CloudStack graduates Apache Incubator
One year after Citrix handed over its CloudStack technology to the Apache Software Foundation's (ASF) Incubator project, the cloud-building platform has graduated to become a top-level project. As CloudStack had entered the incubation process as an Infrastructure as a Service (IaaS) platform developed by Citrix, it already had a mature codebase that allowed Apache to focus on developing governance policies and a solid community around the code, the ASF stated in a recent press release. Looking to IaaS as the next generation of IT infrastructure, the foundation emphasized adherence to its rigorous standards of open governance and the expectation that CloudStack will continue to meet those requirements.

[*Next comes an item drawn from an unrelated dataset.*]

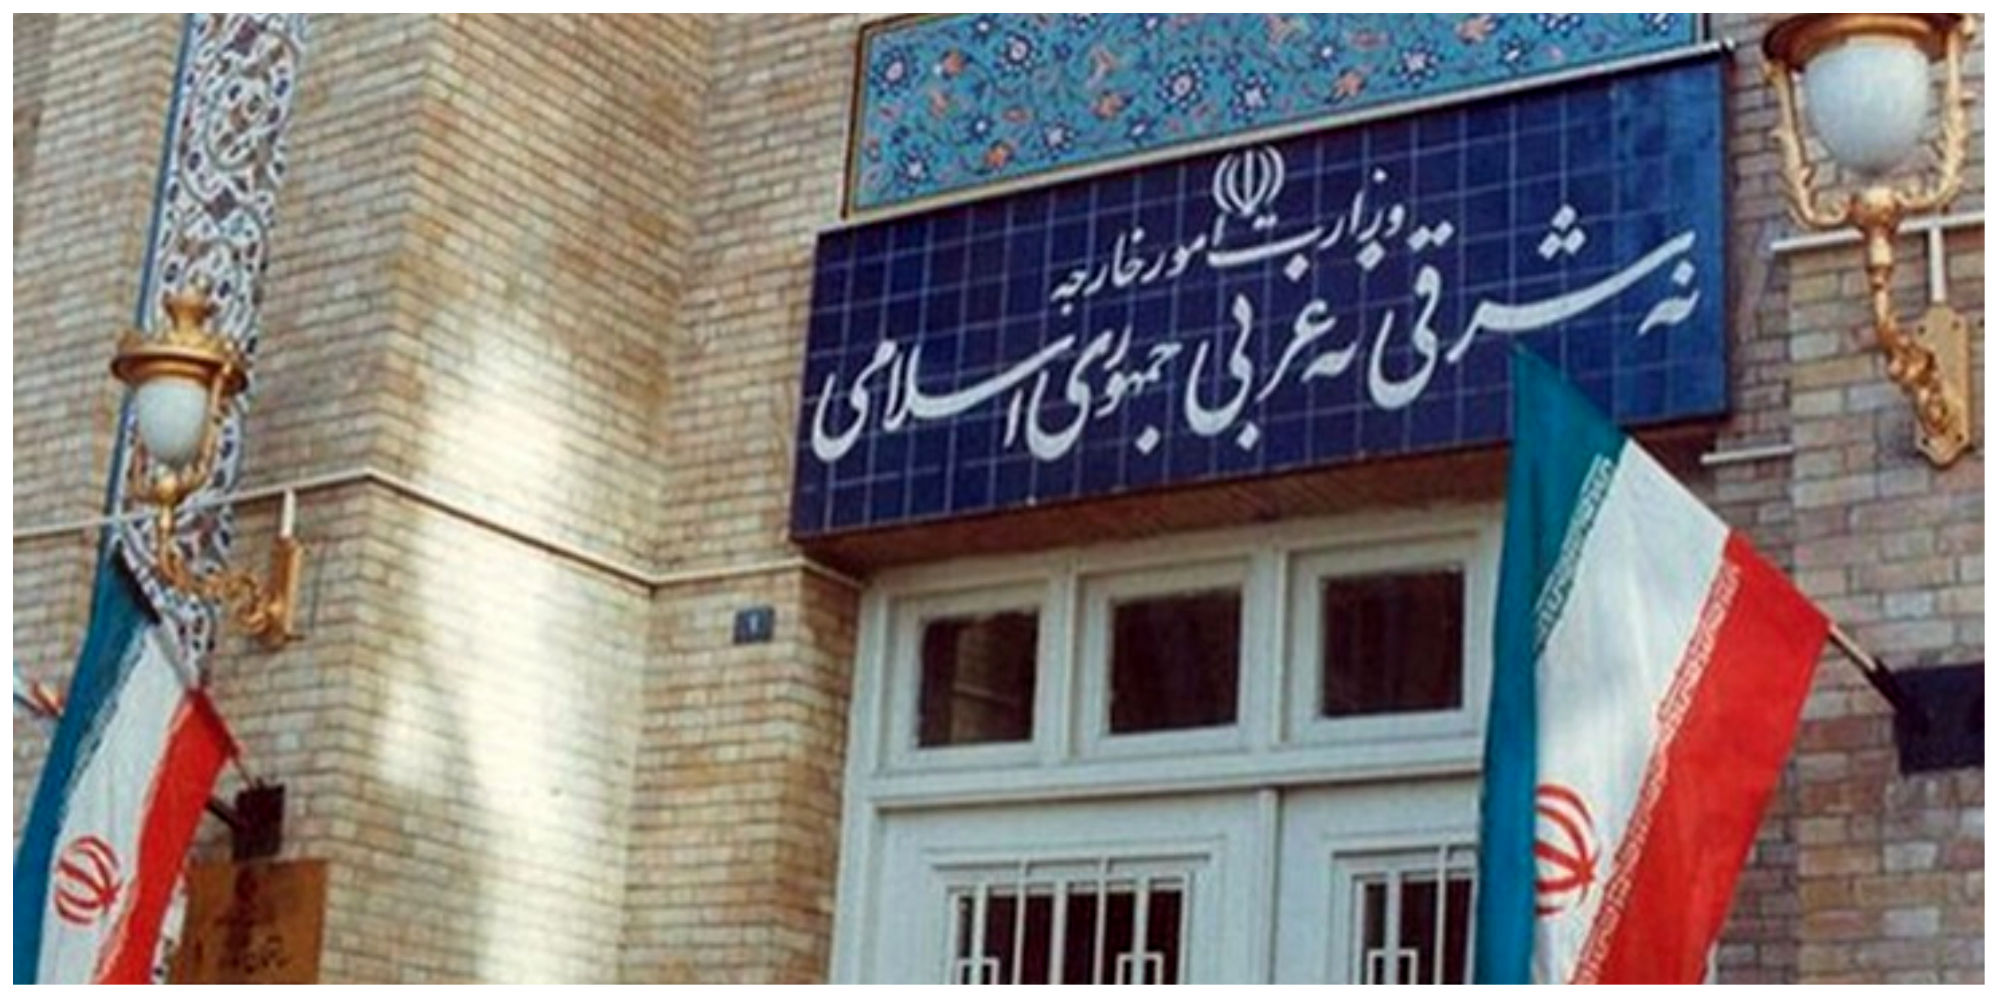 وزارت خارجه ایران بیانیه صادر کرد
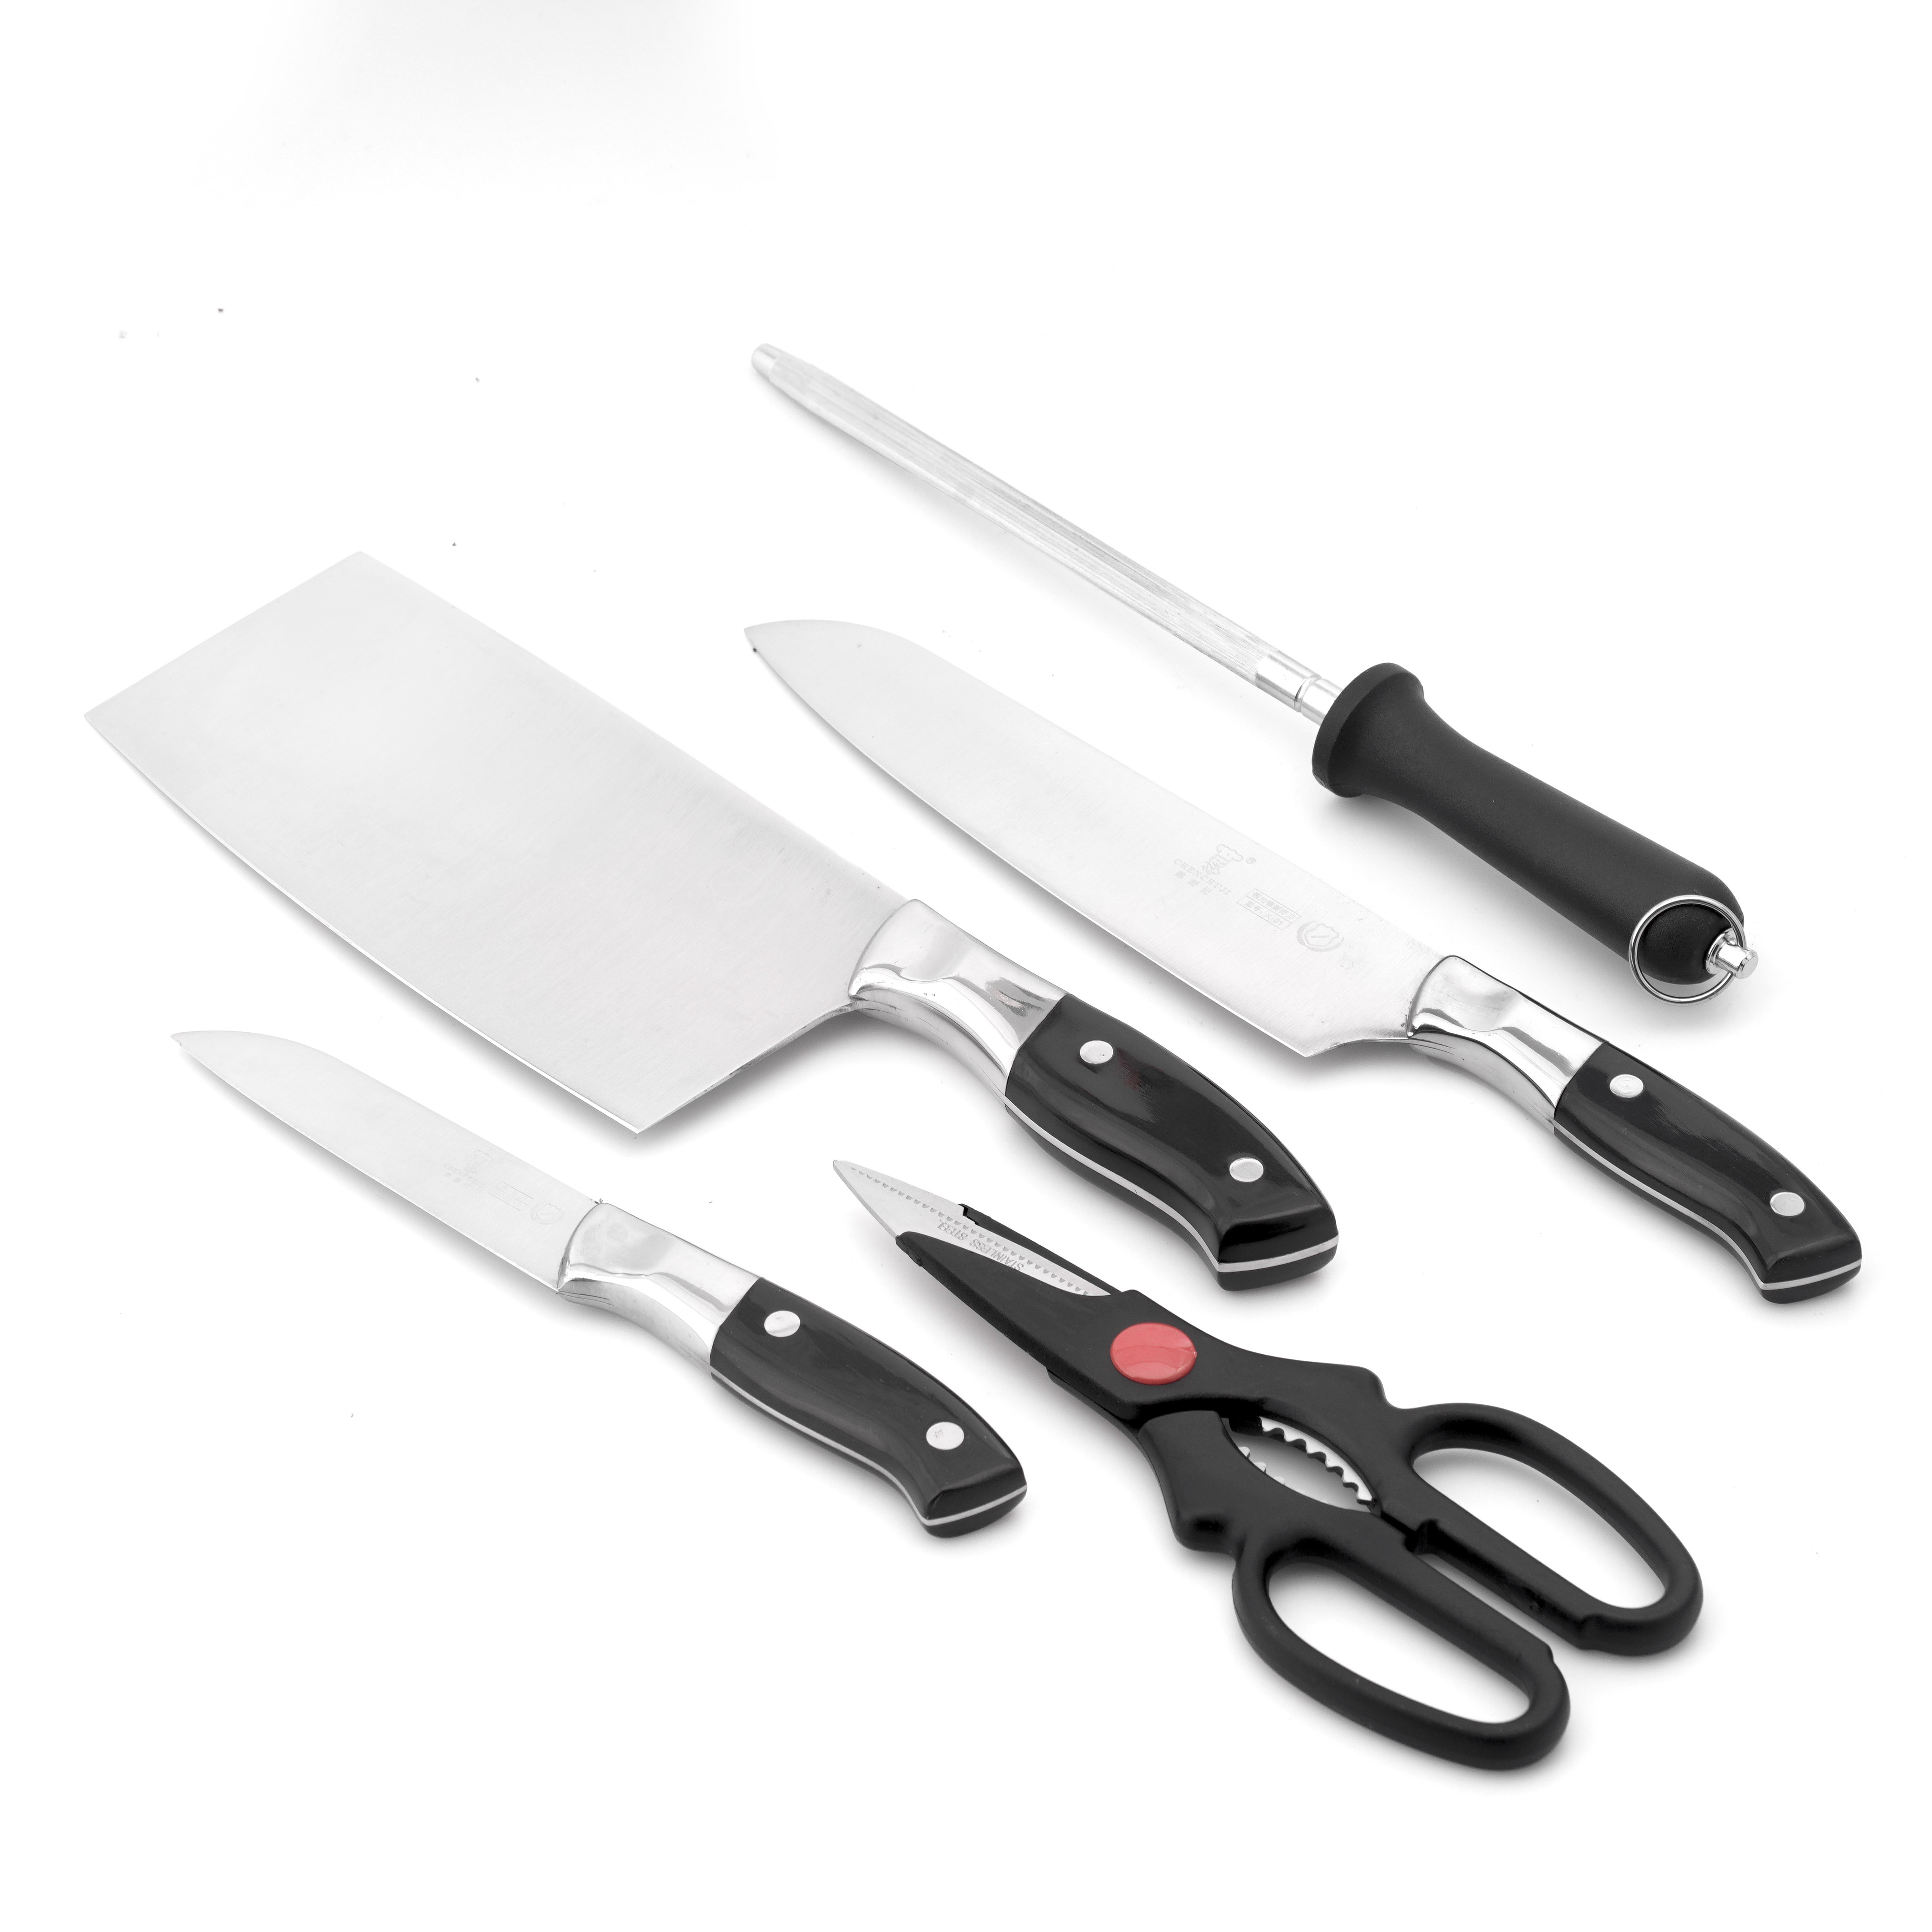 Bộ dao nhà bếp 6 món (3 dao, 1 đồ mài, 1 kéo, 1 hộp đựng dao bằng nhựa)

Amazon reportedly building the CIA a private cloud
The blogosphere has been on fire since Federal Computer Week released a report on a potential deal between Amazon and the CIA, citing two anonymous sources. The stakes are big, Business Insider noted: The 10-year contract is reportedly worth up to $600 million and could turn the enterprise cloud market on its head. After years of exclusively supporting public cloud, Amazon's move to build a private cloud spells trouble for rivals VMware, Citrix, Rackspace and others. No details are confirmed -- "The CIA does not publicly disclose details of our contracts," a CIA spokesperson told Federal Computer Week -- but the agency has dropped hints at upcoming changes in its policies around procuring software, big data analytics and incorporating commercial sector innovation.
Enterprises tag BYOD, cloud services as main concerns
Cloud services and enterprise mobility top the list of challenges for more than 1,100 IT professionals polled in the seventh edition of telecom vendor CommScope's Global Enterprise Survey. Forty-four percent pointed to the bring-your-own-device (BYOD) trend and the cloud as game-changing factors likely to grow in importance. To support the surge of popularity around BYOD, a third of businesses reported deploying a distributed antenna system for mobile traffic, while another third said they lacked adequate provisioning for indoor mobile coverage. BYOD's high demand on organizational infrastructure is one of the reasons for the uptick in cloud deployment, according to Kevin St. Cyr, CommScope's senior vice president of enterprise solutions.